So we decided to head out and see what we could find. Halfway through town we saw some folks sitting outside a store and they confirmed that we were on the correct path (there are no roads or signs; this island is too small to have motorized vehicles – only donkeys). After about 20 minutes we find the beach, and it was definitely worth it!

Playa San Diego

We spent several hours here. The beach is really quite narrow with little room to sunbathe and definitely no amenities beyond the single stand selling basic food and drink. But the water….heaven. The air temperature was in the low 90s and the water temperature was easily in the mid 80s to low 90s. It was actually a bit hot in places! I loved it.

On the walk back we tried to look for the sloths. Sloths are hard to find. Really hard. At one point, a local carrying a machete looked at us – obvious gringos – and said “perezosos”? “Sí, ¿sabe dónde están?“ I replied.

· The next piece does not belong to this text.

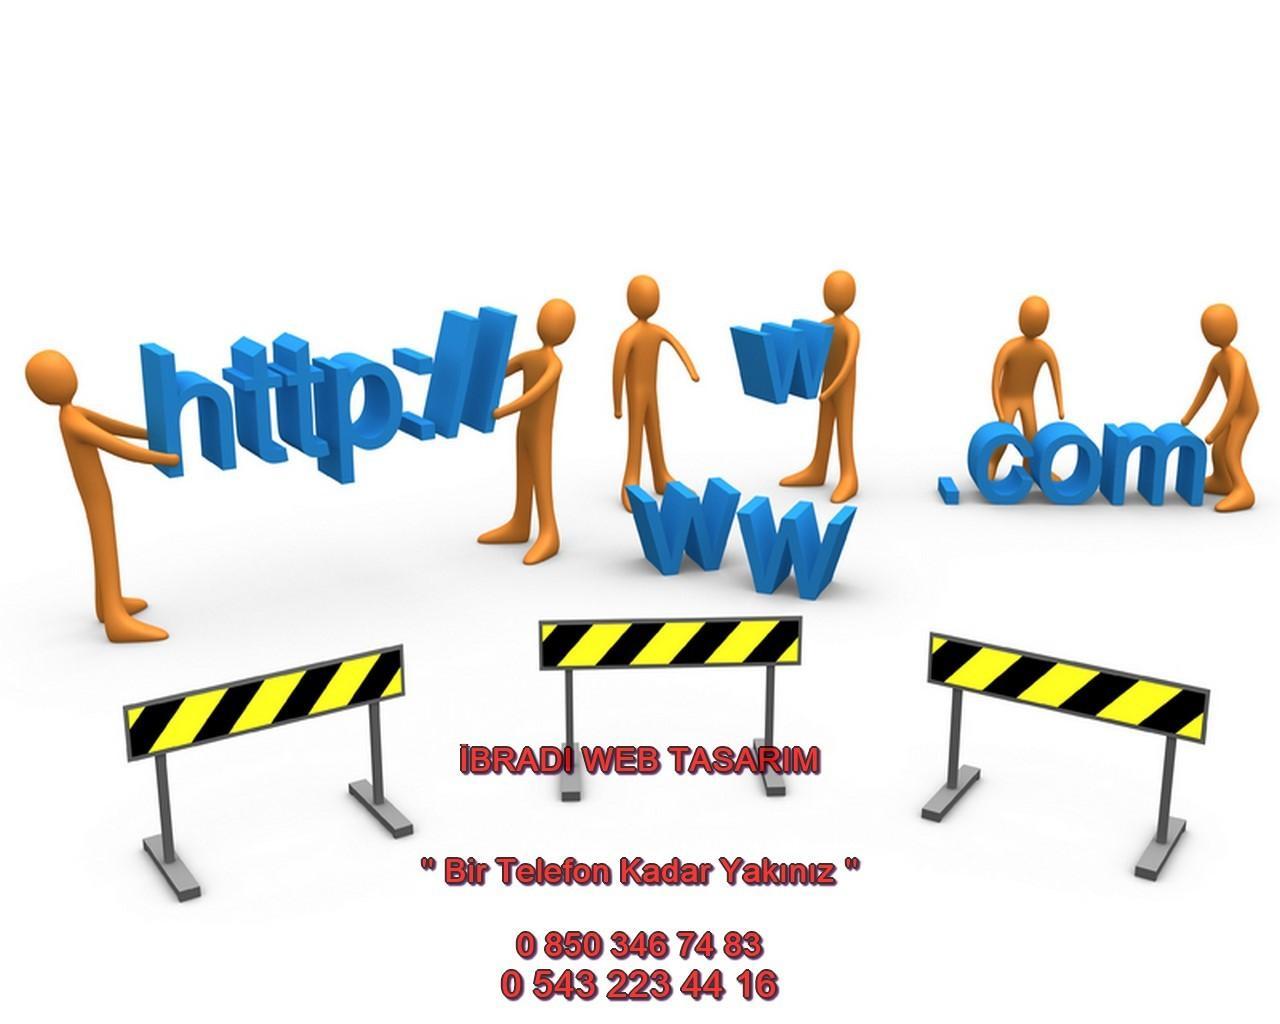 İbradi Web Tasarım

And he put down his machete and motioned for us to follow him along down the path. Sure enough, he pointed out two sloths about 100 feet back. Sloths!!! Anna-Sophia and I made poor Luke walk back to the hotel and then back again to the sloths so we could get our good cameras. I mean, sloths!!! And it turns out there was a third one right above our heads. These little guys are hard to find!

1 of 3 sloths we saw!!

Tomorrow we get to figure out how to get a boat back to the mainland (there isn’t a clearly defined system – you just show up at the spot where the boats come and go and hitch a ride with a local). Then we get to figure out how to get a bus to go the ~150 miles to Cartagena. It will be exciting, if nothing else!

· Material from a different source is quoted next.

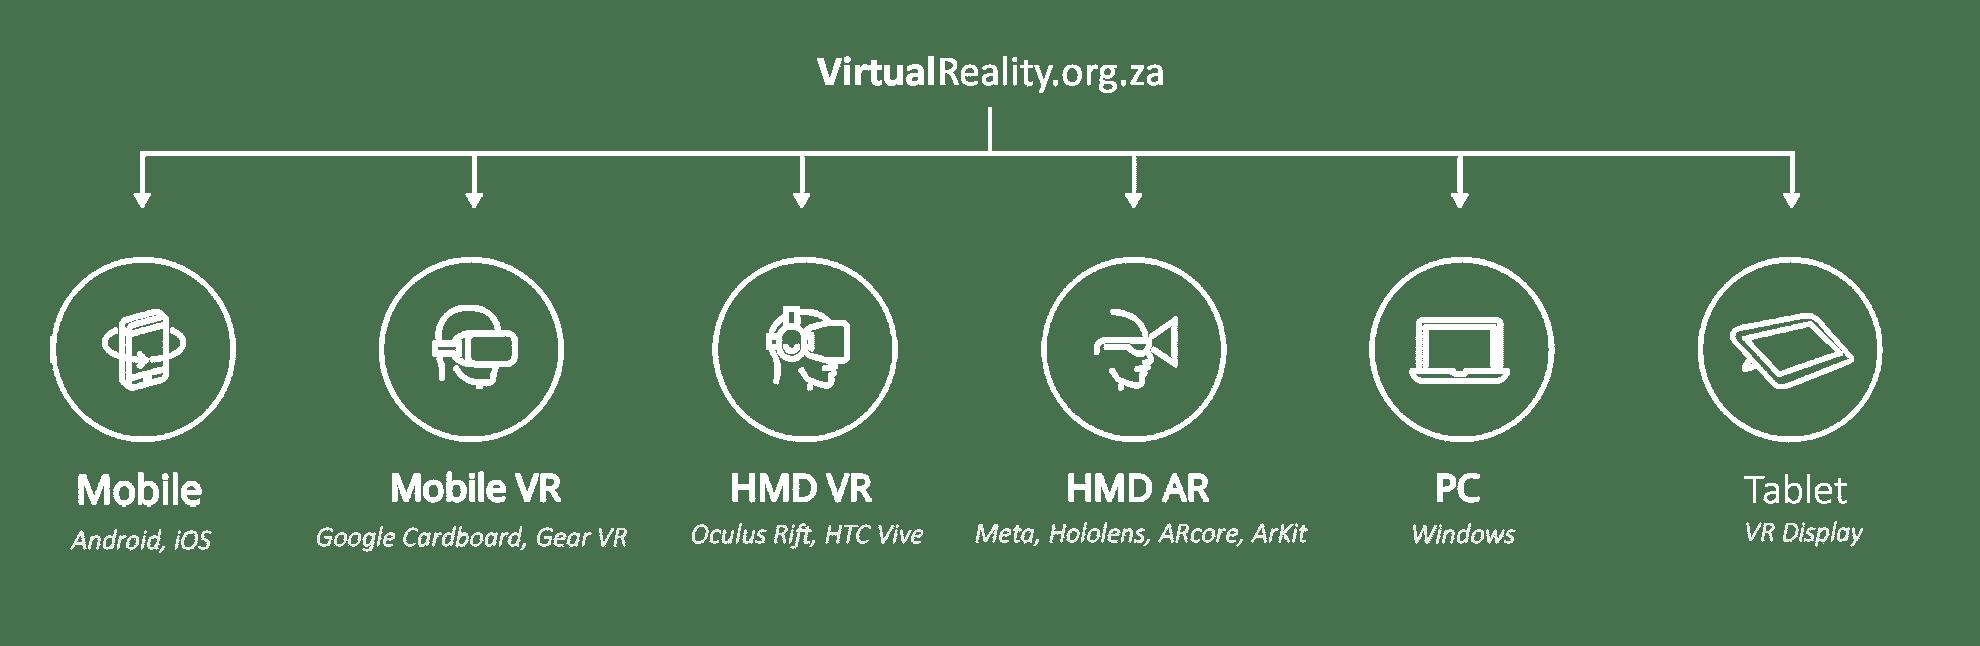 vr-technologies

Grocery shopping, killing my family, and other mundane aspects of travel

Grocery shopping

In the US, I’ll go to extraordinary lengths to avoid grocery shopping. Truly, it is my least favorite of all domestic activities. My father would be disappointed to hear this, but I don’t check the sale circular or clip coupons – I just go in, grab what I need, and get out.

So why is it that I LOVE exploring grocery stores in other countries? I suspect in my mind it is more of an anthropological survey activity and less of a routine errand.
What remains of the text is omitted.